* _What this task involves_: When you reach the line containing "Mistletoe and Music Header Image", begin reproducing the material exactly, stop after the line containing "Bloempot Pot rond", and leave out any pictures along the way.

* _Stored data_:
---+---

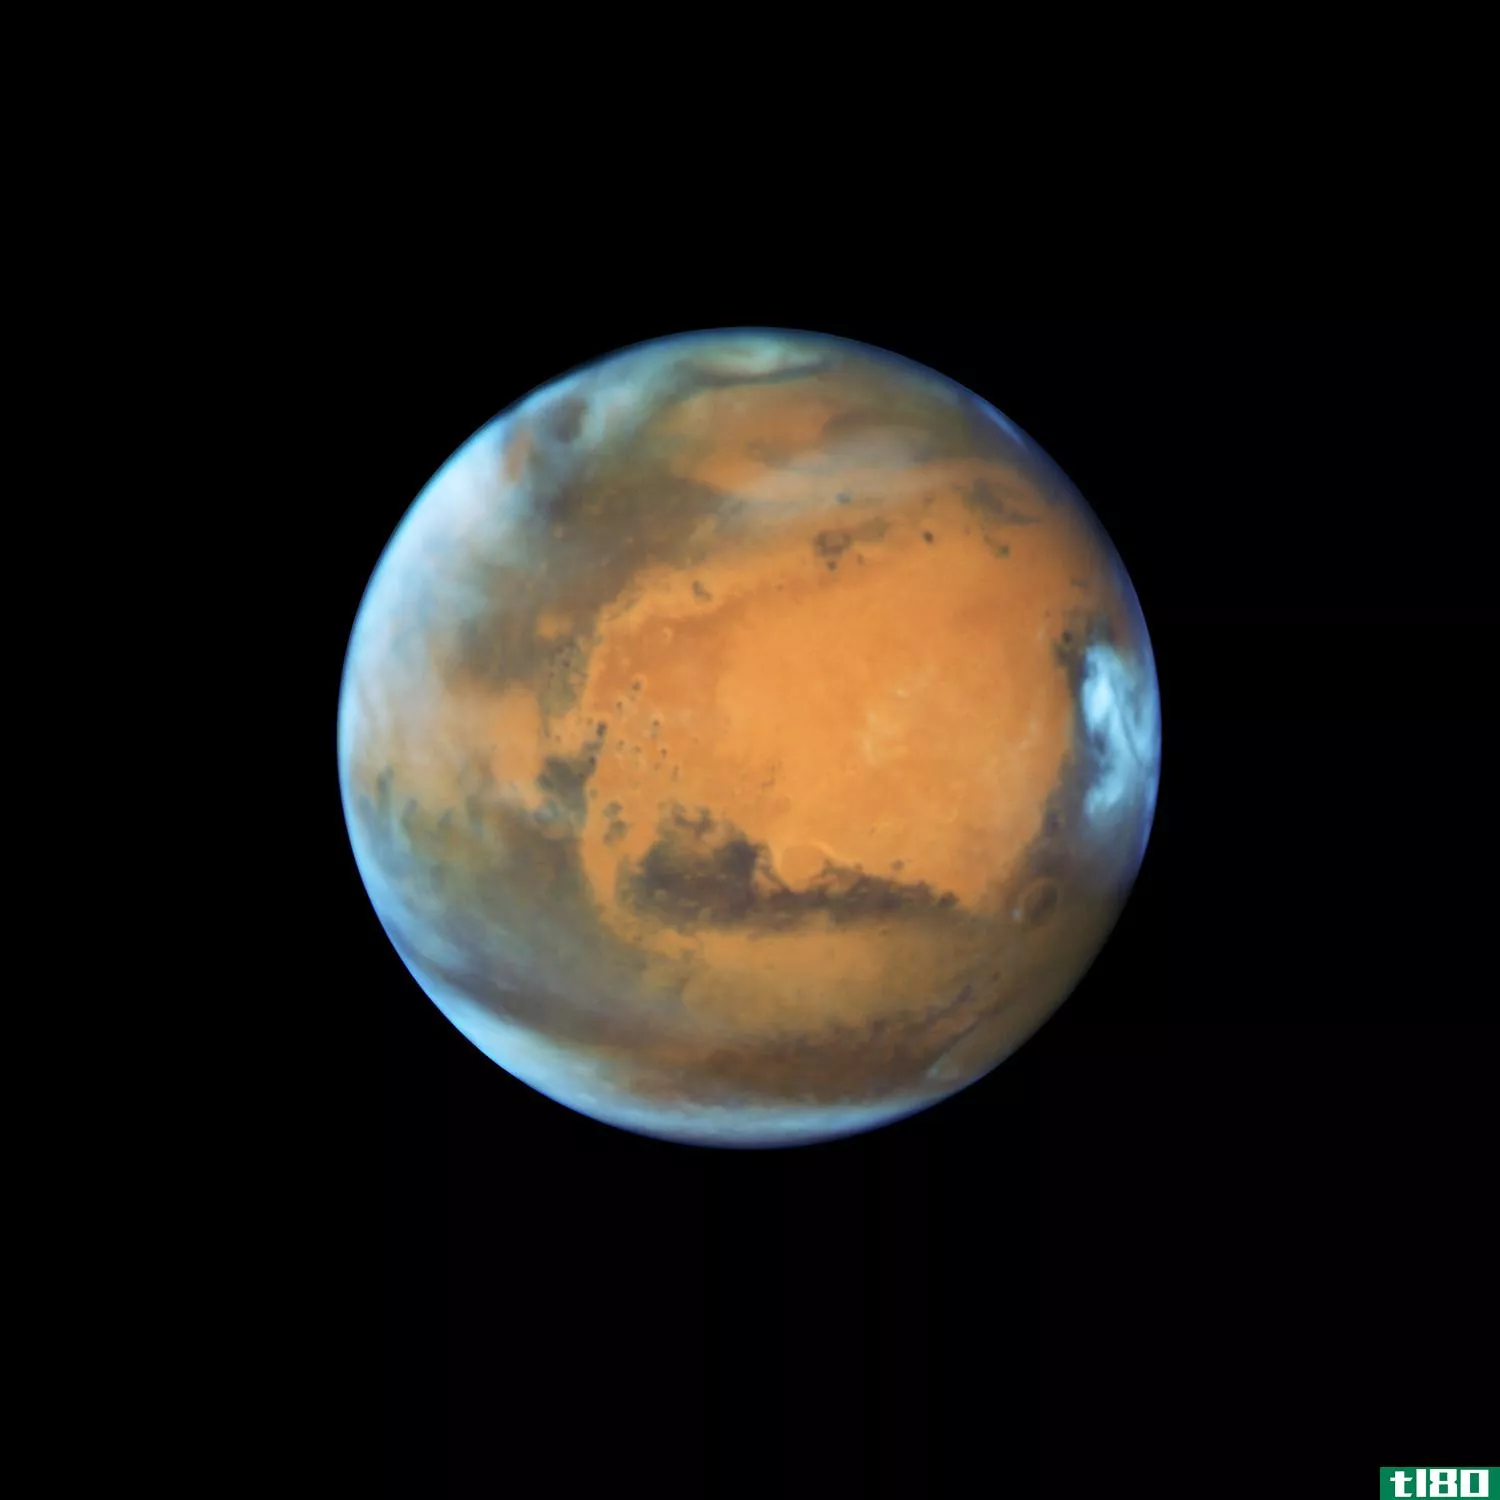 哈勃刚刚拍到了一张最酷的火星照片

---+---

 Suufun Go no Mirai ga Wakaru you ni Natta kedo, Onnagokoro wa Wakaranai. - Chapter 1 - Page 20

---+---

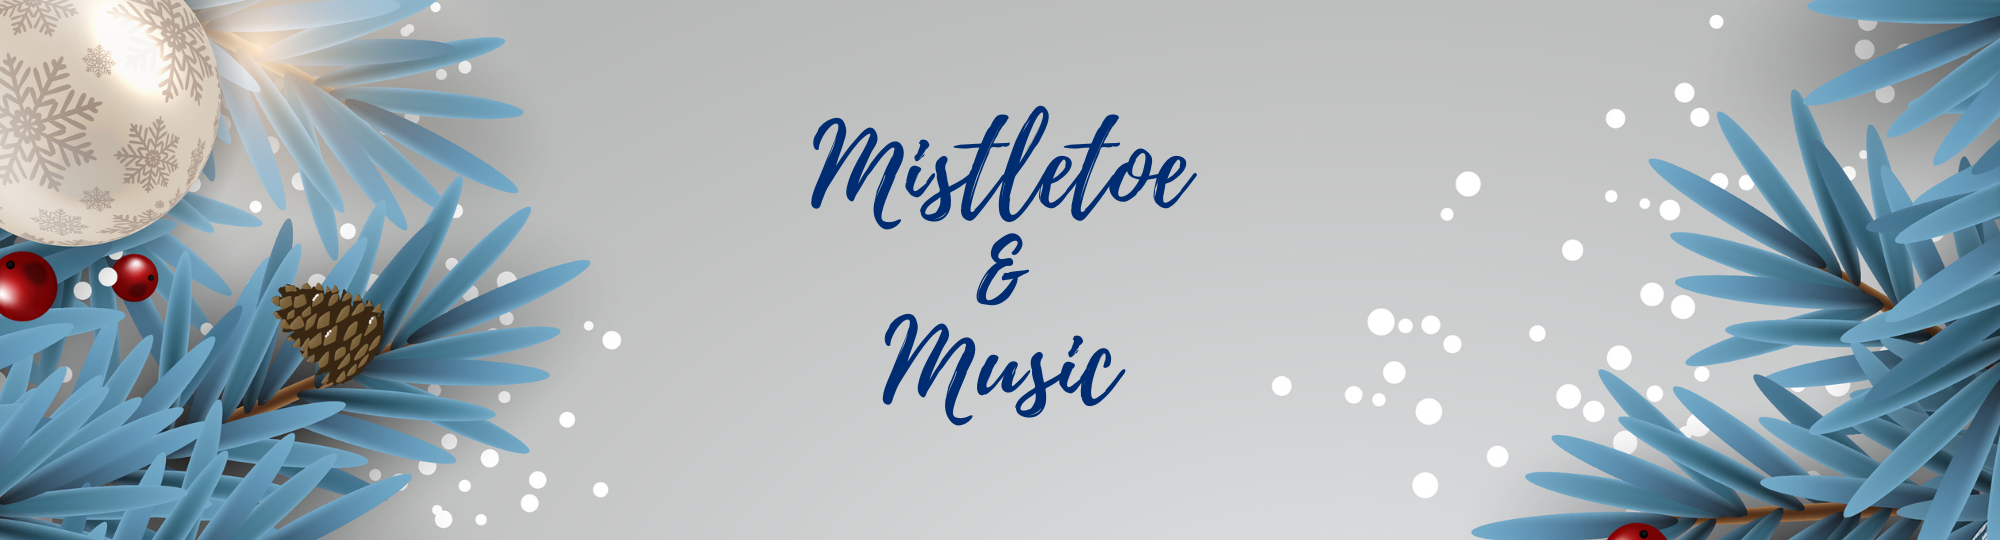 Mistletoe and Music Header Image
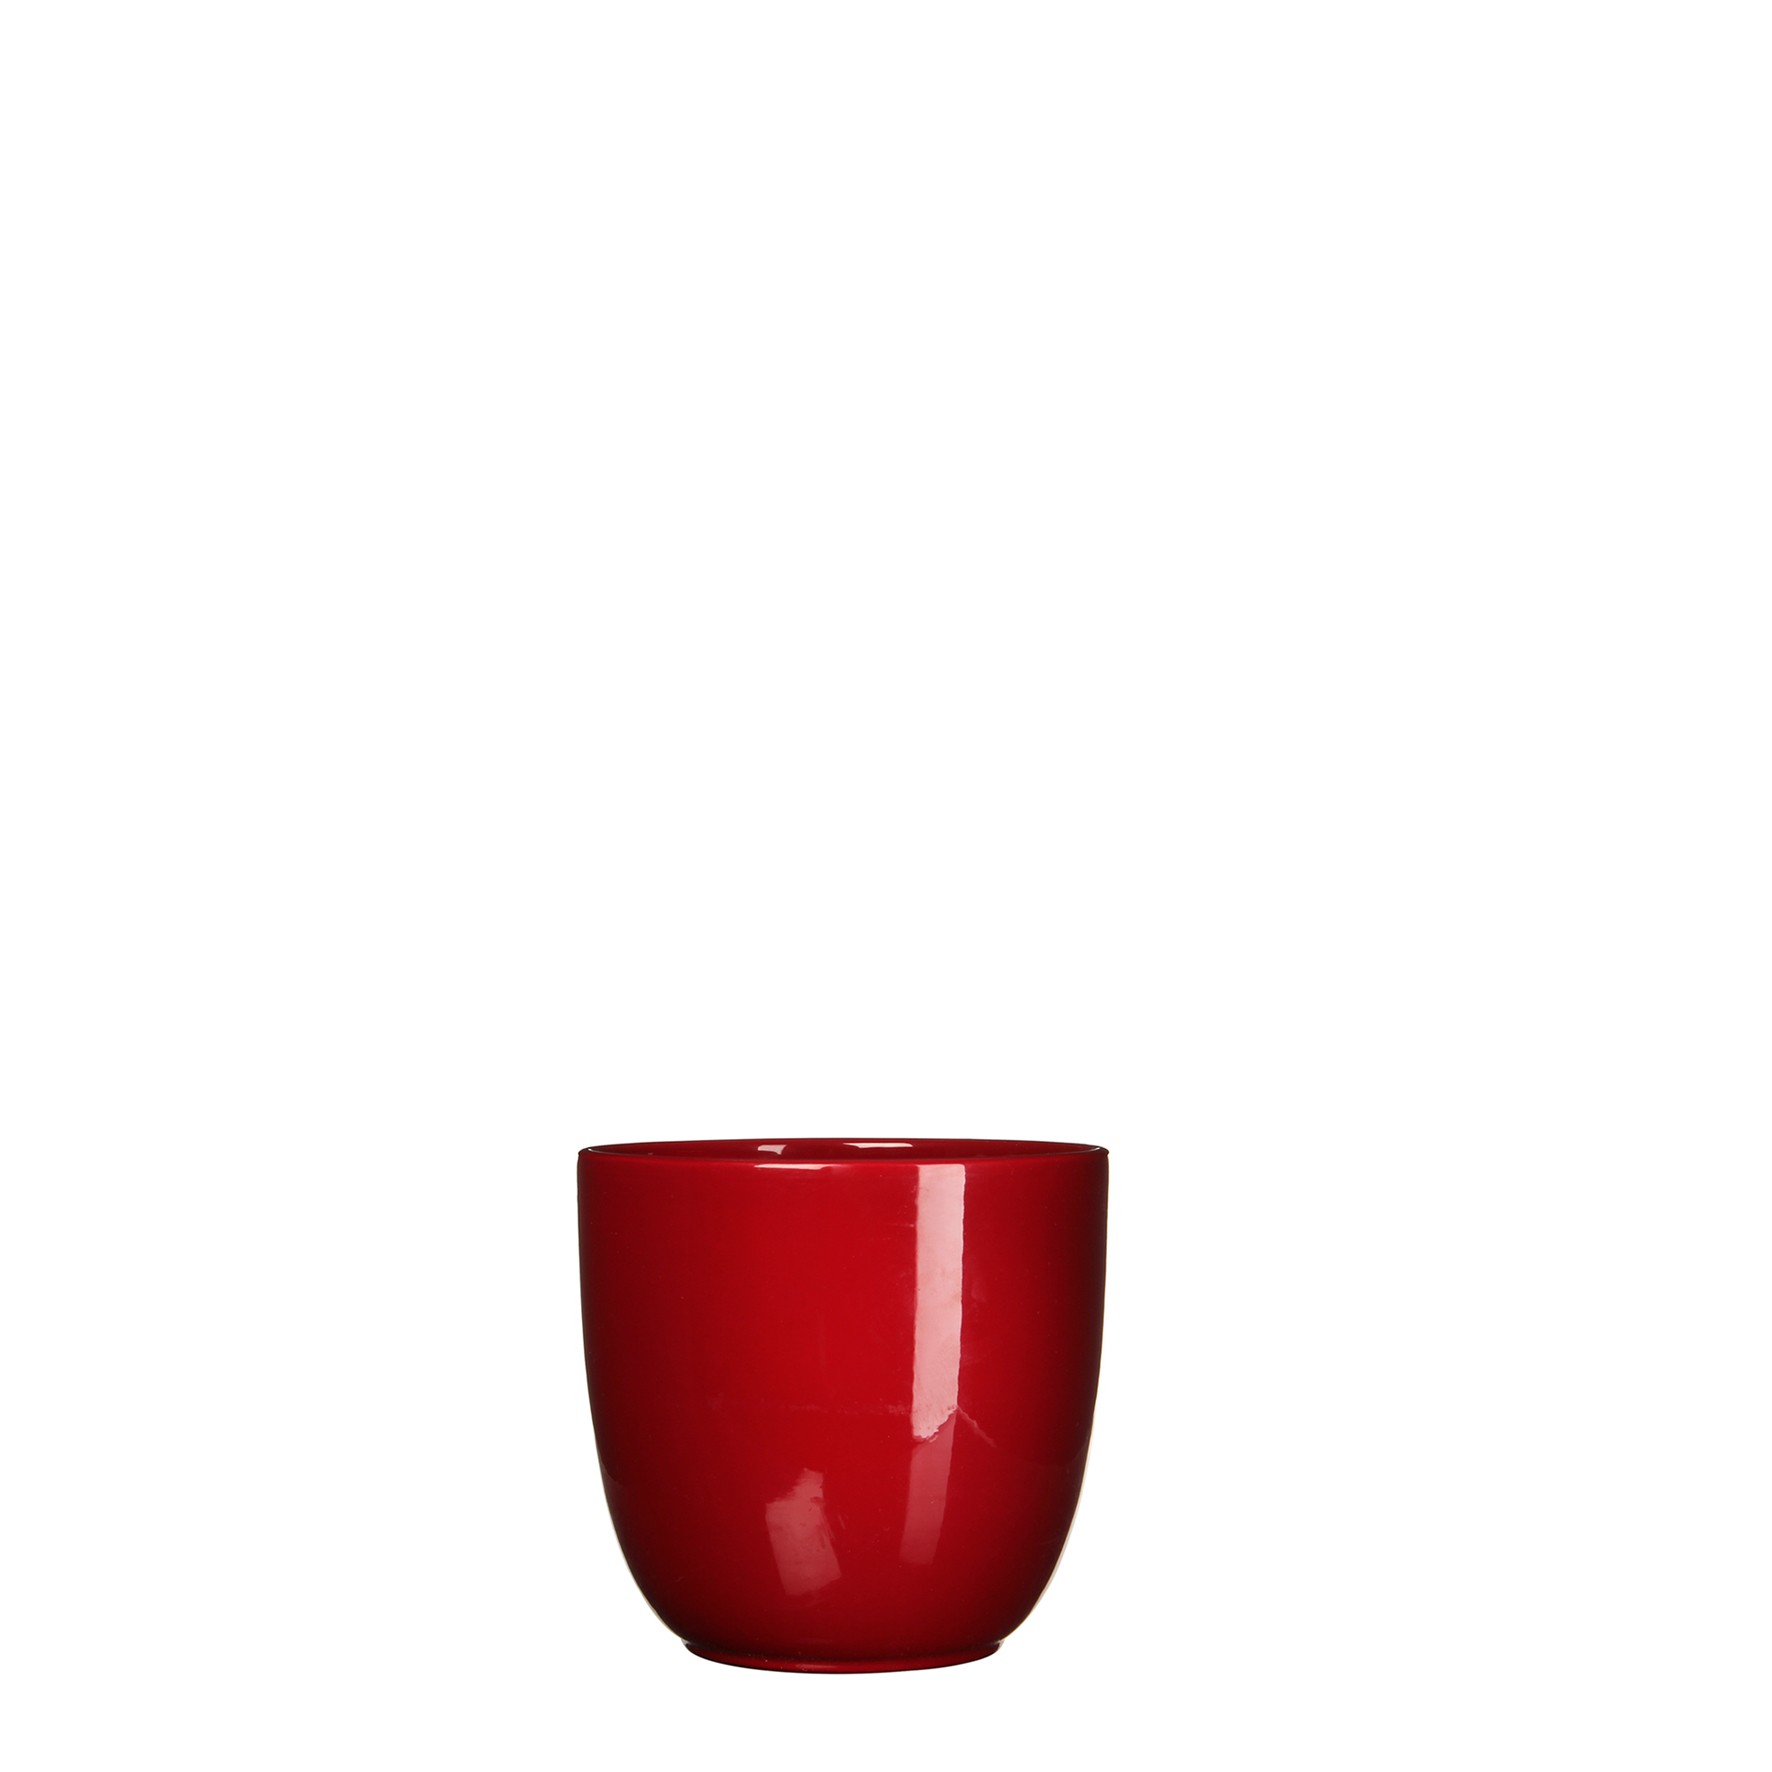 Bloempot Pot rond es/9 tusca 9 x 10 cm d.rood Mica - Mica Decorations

---+---

* _Task solution_:
 Mistletoe and Music Header Image
 Bloempot Pot rond es/9 tusca 9 x 10 cm d.rood Mica - Mica Decorations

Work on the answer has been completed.